Design aus Bosnien: Die Schnitzer von Konjic

Mit einer über hundert Jahre alten Technik verbindet das bosnische Label Zanat Tradition und Moderne.

Von Rolf Brockschmidt

Von Nahem sieht die Oberfläche beinah aus wie die Akustikwand der Hamburger Elbphilharmonie. Wabenartig, nur nicht ganz so regelmäßig überziehen Mulden das Sideboard aus der „Touch Collection“ der britischen Designerin Ilse Crawford. Das dreitürige Möbel ist komplett mit dieser Struktur verziert; es fordert geradezu zur Berührung heraus – „Touch“ me! Doch wie funktioniert diese faszinierende Oberfläche? Kippen abgestellte Gläser aufgrund der kleinen Einkerbungen nicht viel zu leicht um?

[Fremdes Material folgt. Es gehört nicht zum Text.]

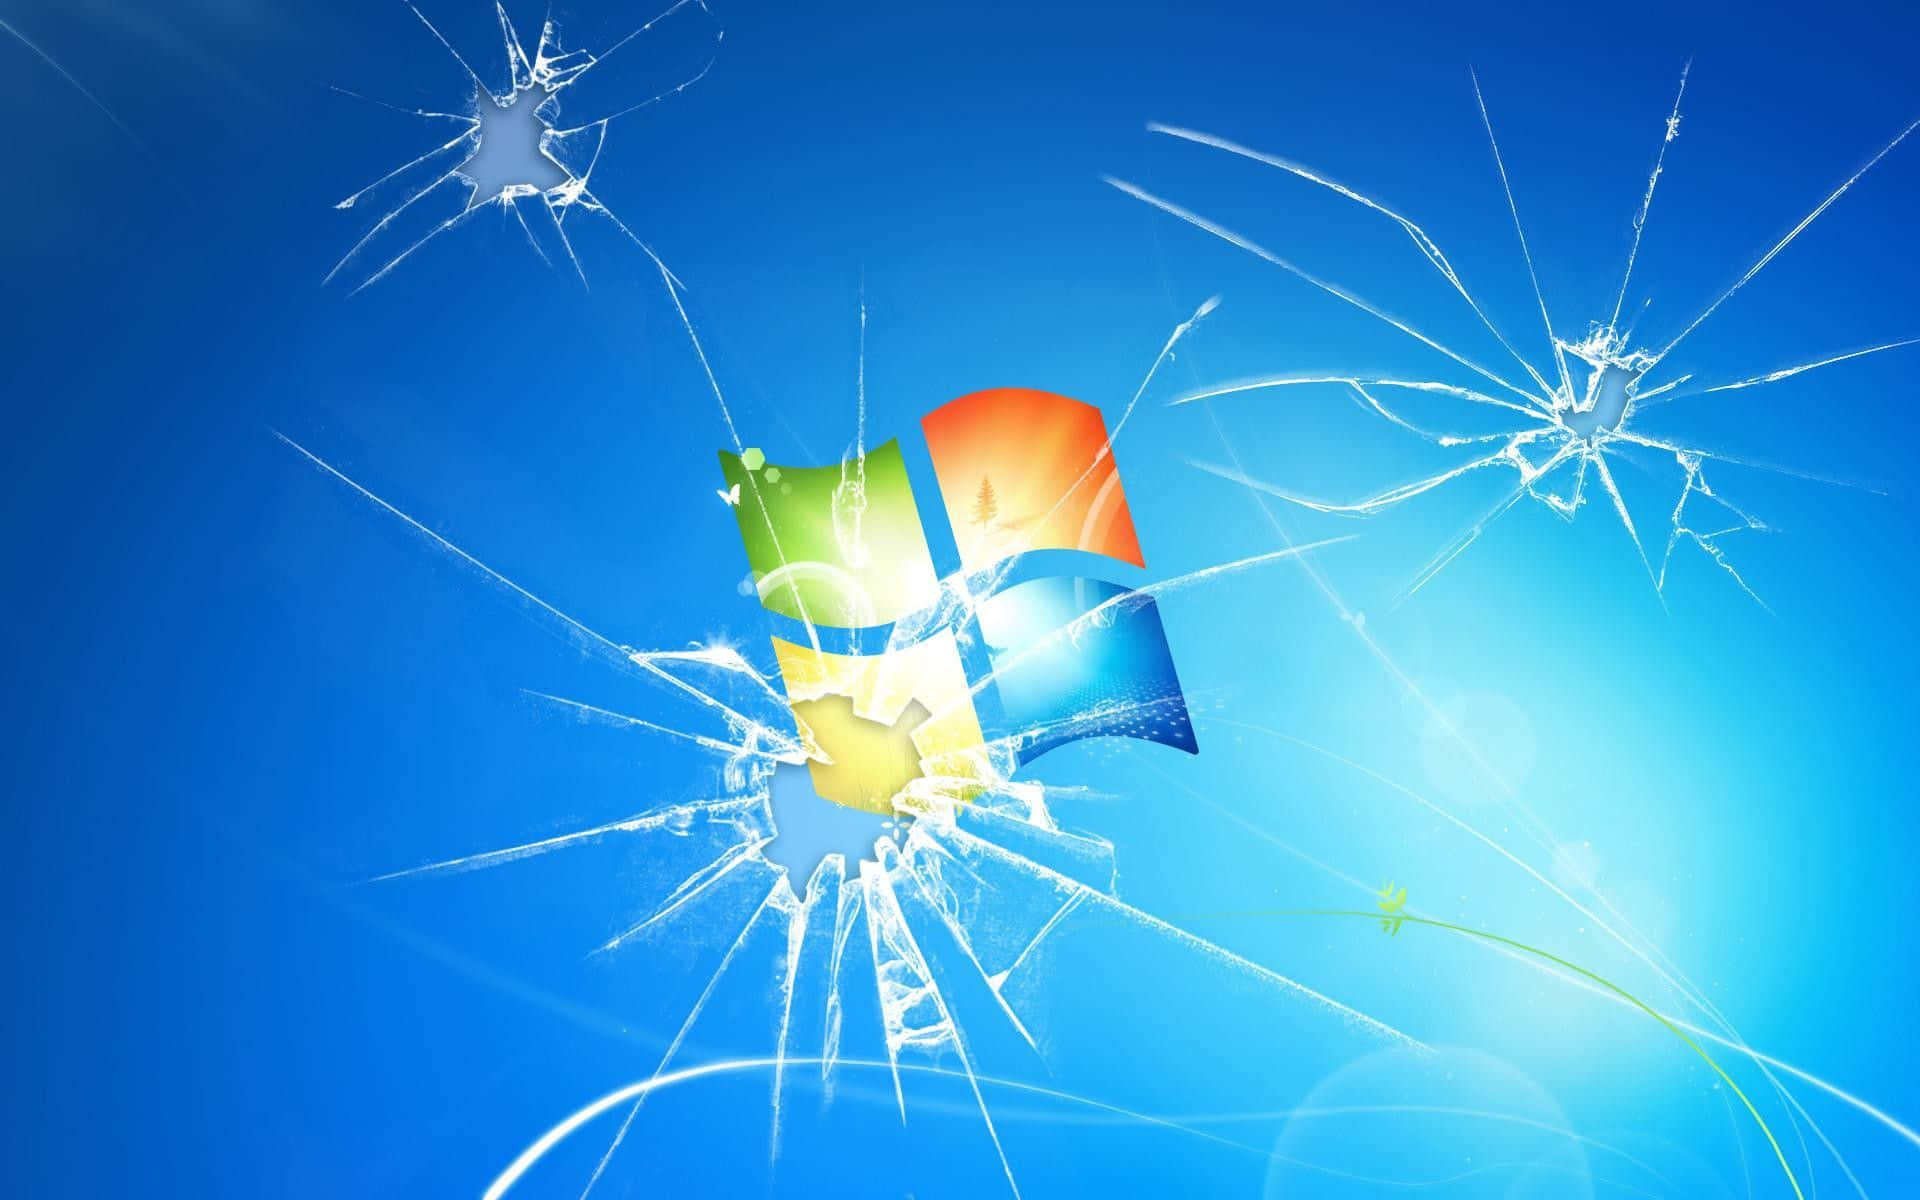 Cracked Screen Windows Wallpaper.jpg Wallpaper

Keineswegs, denn die Mulden sind fein genug, um in ihrer Gesamtheit trotzdem eine ebene Oberfläche zu ergeben. Passend dazu gibt es einen langen, an den Enden abgerundeten Tisch mit X-Beinen sowie zwei Hocker – einer mit ovaler, einer mit halbkreisförmiger Sitzfläche. Alles aus massivem Holz, alles auf die gleiche Art und Weise eingekerbt. Fast archaisch muten Crawfords schlichte Stehlampen an, deren gerader Schirm auf einer runden Holzsäule ruht, mal schlank und hoch, mal breit und niedrig. Fast wirkt der Holzkorpus wie ein Baumstamm mit rauer Rinde – dank der Einkerbungen, die charakteristisch sind für diese Kollektion.

Die ersten Stücke entwarf die Britin bereits 2016 für das Label Zanat aus Bosnien. Crawford war fasziniert von den handwerklichen Fertigkeiten der dortigen Holzschnitzer. Deren spezielle Technik ist dann auch die Basis für den raschen Erfolg des noch jungen Labels. Seit Ende vergangenen Jahres zählt sie sogar zum immateriellen Weltkulturerbe der Unesco. Damit sind diese Möbel nun endgültig geadelt.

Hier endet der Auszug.